In the code above, I have created an instance of StandardScaler.
Then, I fitted my scaler only with train_subset.
The reason for that was that we want validation and test subsets to be unseen.
Then I have used the transform function to normalize each subset.
As you can see, the average of each feature in train_subset, is now super close to zero,
and the std of each of them is 1.
Because we only trained our scaler on train_subset,
the average and the std of the validation and test subsets are not perfect.
Now, let’s make datasets from our normalized subsets.
train_data = IRISDataset(train_subset_normalized, train_target)
val_data = IRISDataset(val_subset_normalized, val_target)
test_data = IRISDataset(test_subset_normalized, test_target)

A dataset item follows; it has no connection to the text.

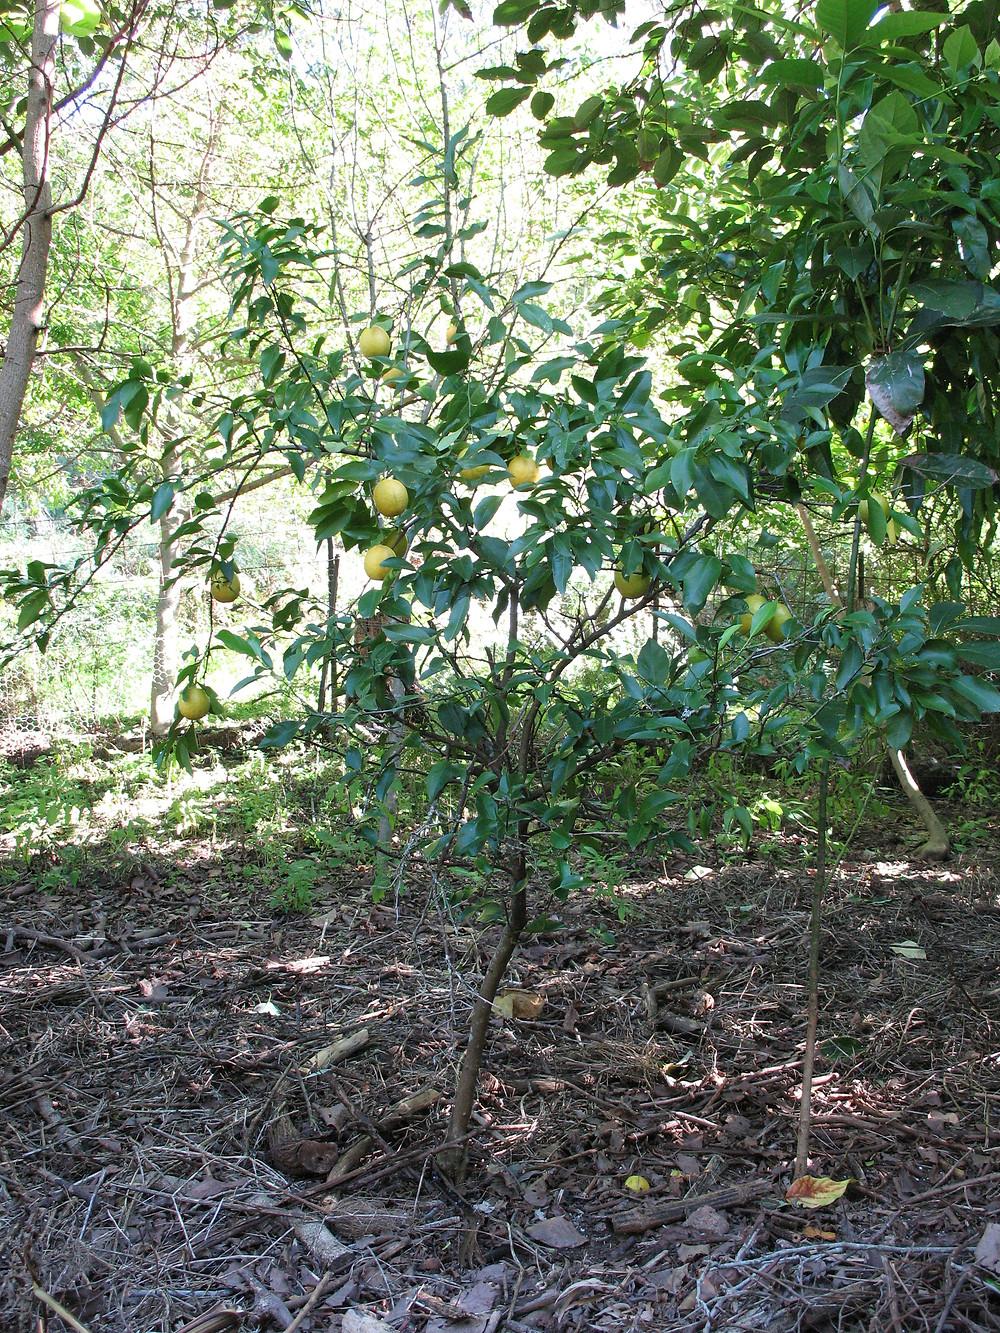 Lemonade fruit

Now, it’s time to train and evaluate our model to see what happens. I have applied all the changes in train_v4.py. Let’s run train_v4.py.
"""
--------
output:
mps
--------------------
epoch: 0
train:
loss: 1.1541
accuracy: 0.1238
validation:
loss: 1.0946
accuracy: 0.2667
--------------------
epoch: 1
train:
loss: 1.0744
accuracy: 0.3810
validation:
loss: 1.0350
accuracy: 0.6667
--------------------
epoch: 2
train:
loss: 1.0080
accuracy: 0.6571
validation:
loss: 0.9773
accuracy: 0.7000
--------------------
epoch: 3
train:
loss: 0.9450
accuracy: 0.7810
validation:
loss: 0.9198
accuracy: 0.7000
--------------------
epoch: 4
train:
loss: 0.8759
accuracy: 0.8000
validation:
loss: 0.8617
accuracy: 0.7333
--------------------
test:
loss: 0.8406
accuracy: 0.8000
"""
As you can see, right now our evaluation results are not random anymore.
Conclusion
In this tutorial, we have discussed 2 techniques that are being used to enhance our training.
First, we explained how to split our data in a way that labels are equally distributed.
Then, we introduced StandardScaler, which is one of the most important preprocessing techniques.
Although they are not specifically PyTorch modules, they are being used in PyTorch projects.